* Primary synovial sarcoma rarely originates in the renal parenchyma. When this occurs, origin of this unusual tumor type has been the subject of debate in the literature, with a suggestion that previously reported cases may be more correctly described as renal cell carcinoma with sarcomatoid dedifferentiation. Synovial sarcoma and sarcomatoid renal cell carcinoma may be indistinguishable on pure histologie and immunohistochemical grounds, but these tumors contain distinctly different sets of chromosomal abnormalities.
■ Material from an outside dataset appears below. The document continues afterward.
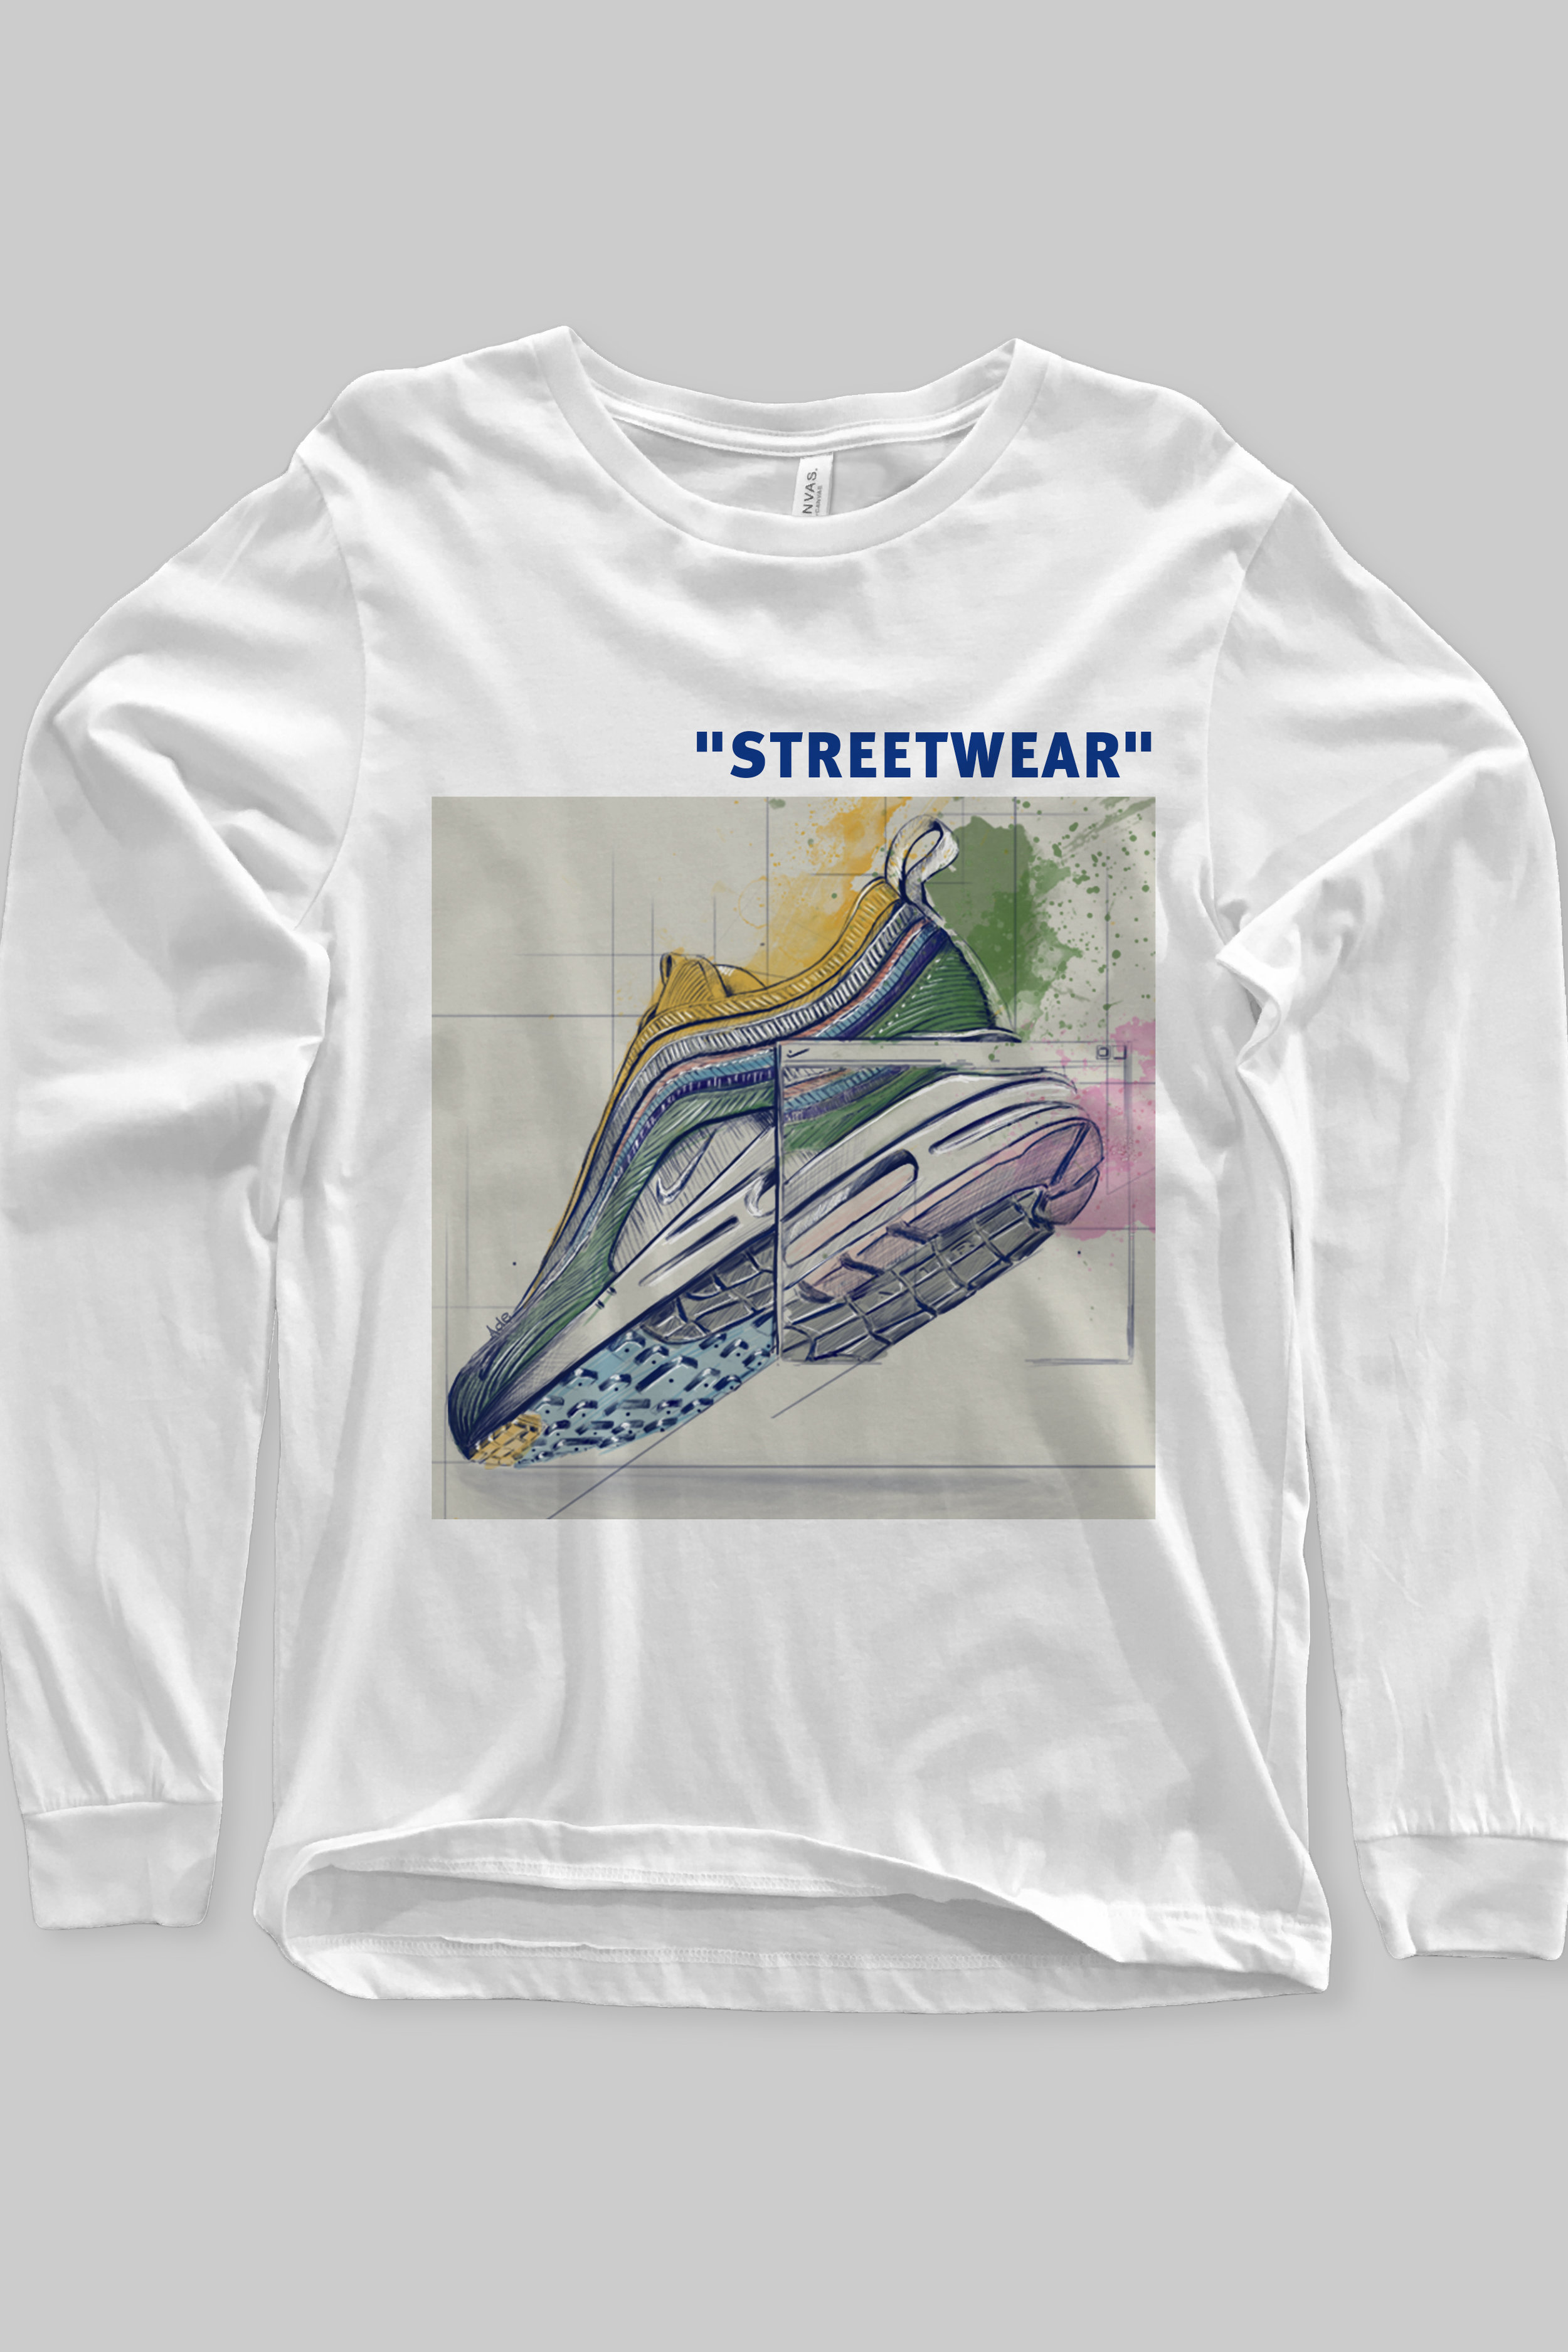 nike streetwear shirts
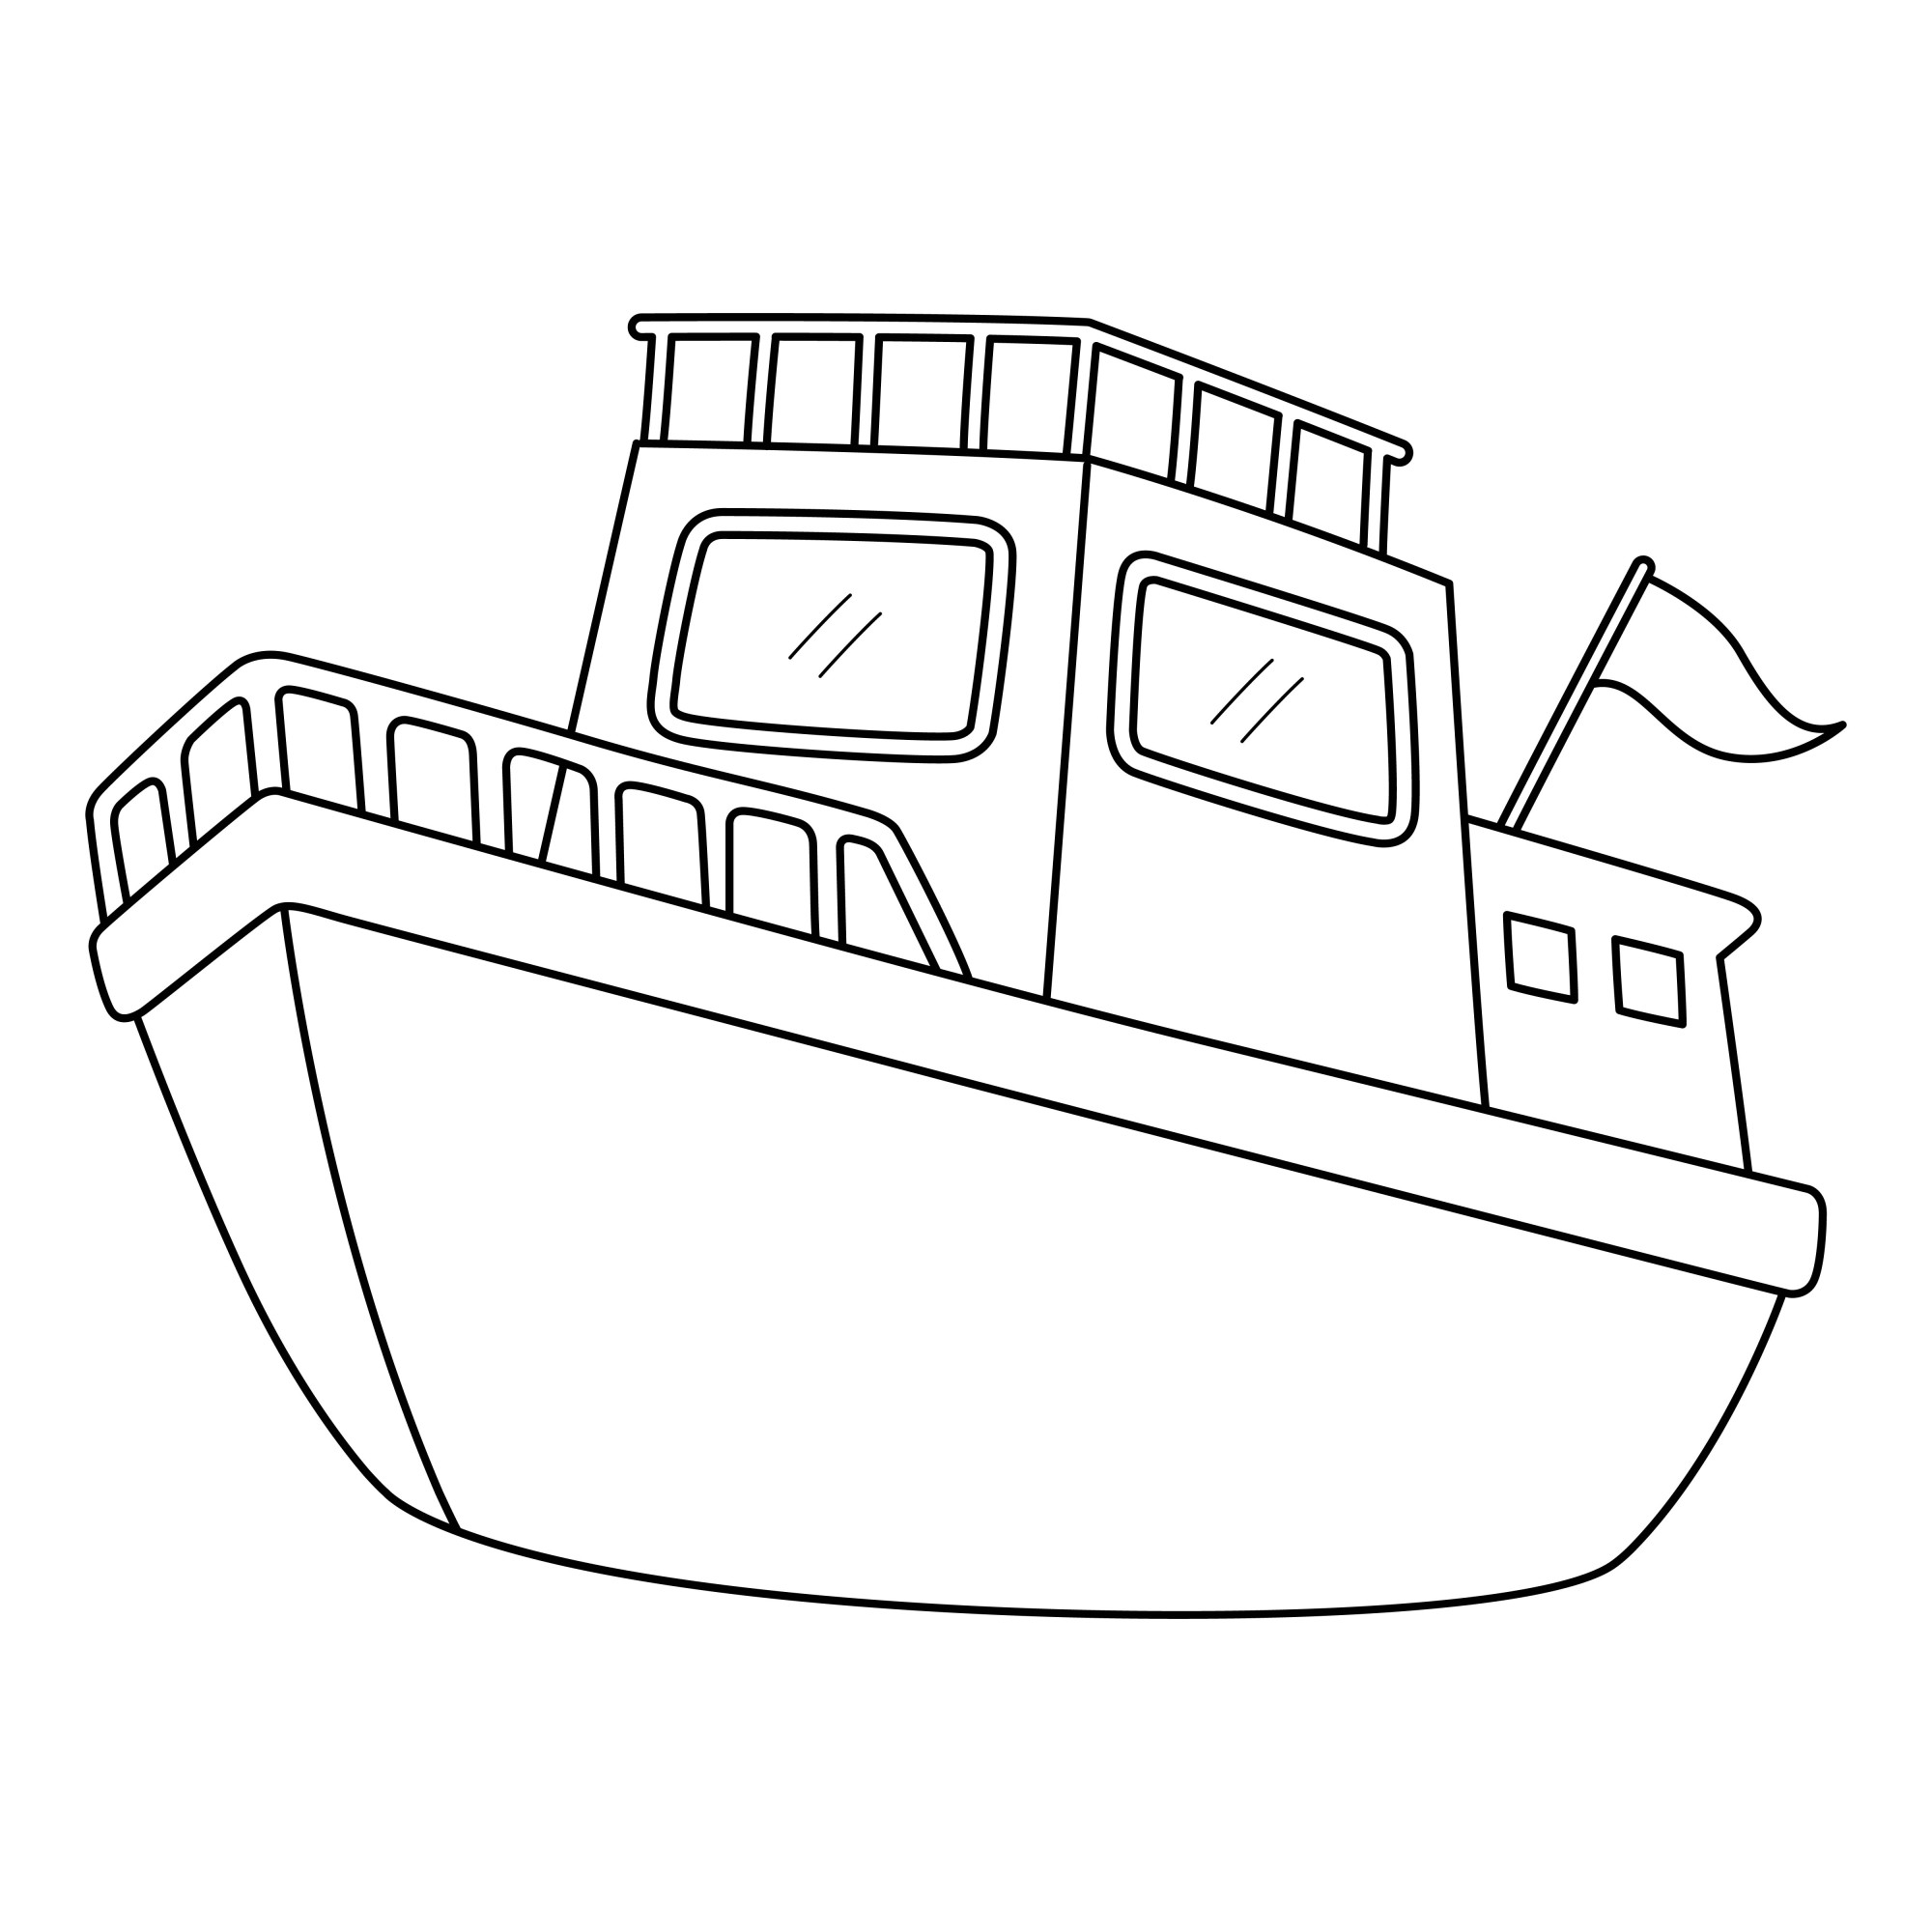 Раскраска для детей: яхта с флагом на борту

Most previous cases of primary renal synovial sarcoma were confirmed by molecular biology techniques, which detected the SYT-SSX gene fusion transcript typical of this tumor, but no details of the other chromosomal anomalies have been published. We report a case of primary renal synovial sarcoma confirmed by standard cytogenetic analysis, showing the characteristic t(X; 18)(p11.2:q11.2) translocation and other chromosomal aberrations that are typical of synovial sarcoma as opposed to sarcomatoid renal cell carcinoma.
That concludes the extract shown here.